Study participants were part of the Central Vein Sign in MS (CAVS-MS) pilot study. All were adults referred to one of 10 North American Imaging in MS Cooperative (NAIMS) centers, including Cleveland Clinic and Cedars-Sinai Medical Center, for new clinical or radiologic suspicion of MS. Patients with recent use of disease-modifying treatments or systemic corticosteroids were excluded.
The study cohort consisted of 78 participants (mean age of 45 years [range, 18-64]; 71% female) with a mean duration of 3.1 years since symptom onset. Of these, 37 (47%) were found to meet 2017 McDonald criteria for either relapsing-remitting MS (n = 35) or primary progressive MS (n = 2).
The presence of PRLs was evaluated from high-resolution 3D echo-planar imaging acquired on 3T brain MRI. Three independent readers were used, all blinded to diagnosis, with adjudication from a fourth. The 2017 McDonald criteria were used to determine each patient’s diagnosis, which was compared to PRL thresholds of at least one or at least two lesions positive for PRL.
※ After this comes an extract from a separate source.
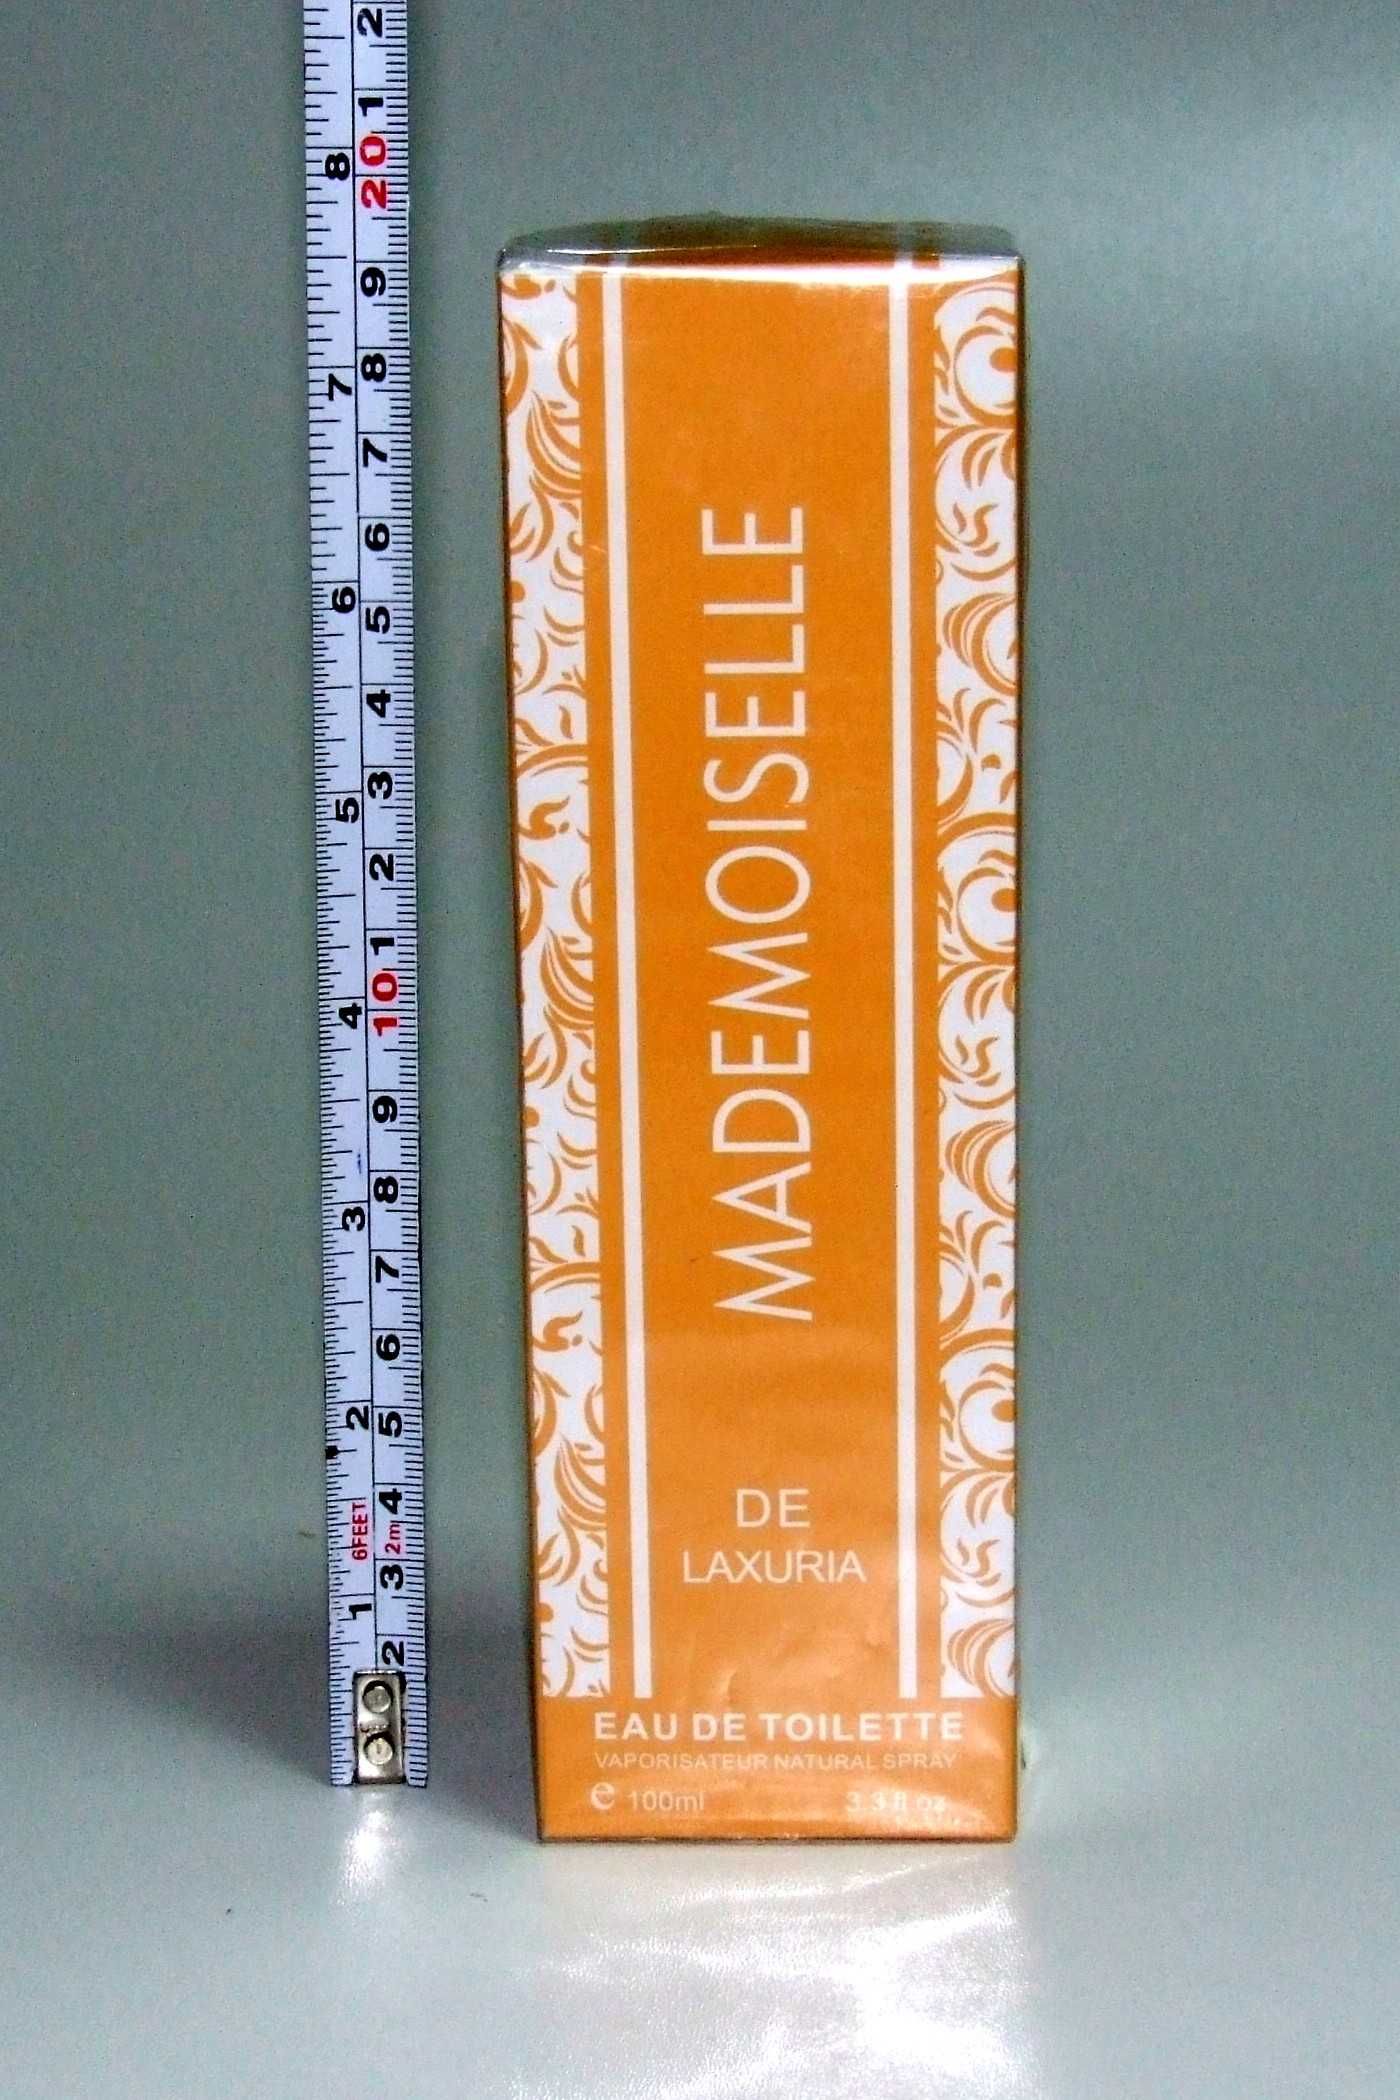 Parfum (Eau de toilette) "Mademoiselle", Made in France, SIGILAT

A total of 124 PRLs were found in 36 (46%) of the 78 patients. Overall, there was a median of 3 PRLs per patient (range, 1-9). Among the 36 PRL-positive individuals, 32 (89%) fulfilled the McDonald criteria.
The threshold of at least one PRL had a diagnostic specificity of 0.90 (95% CI, 0.77-0.97) and a sensitivity of 0.86 (95% CI, 0.71-0.95).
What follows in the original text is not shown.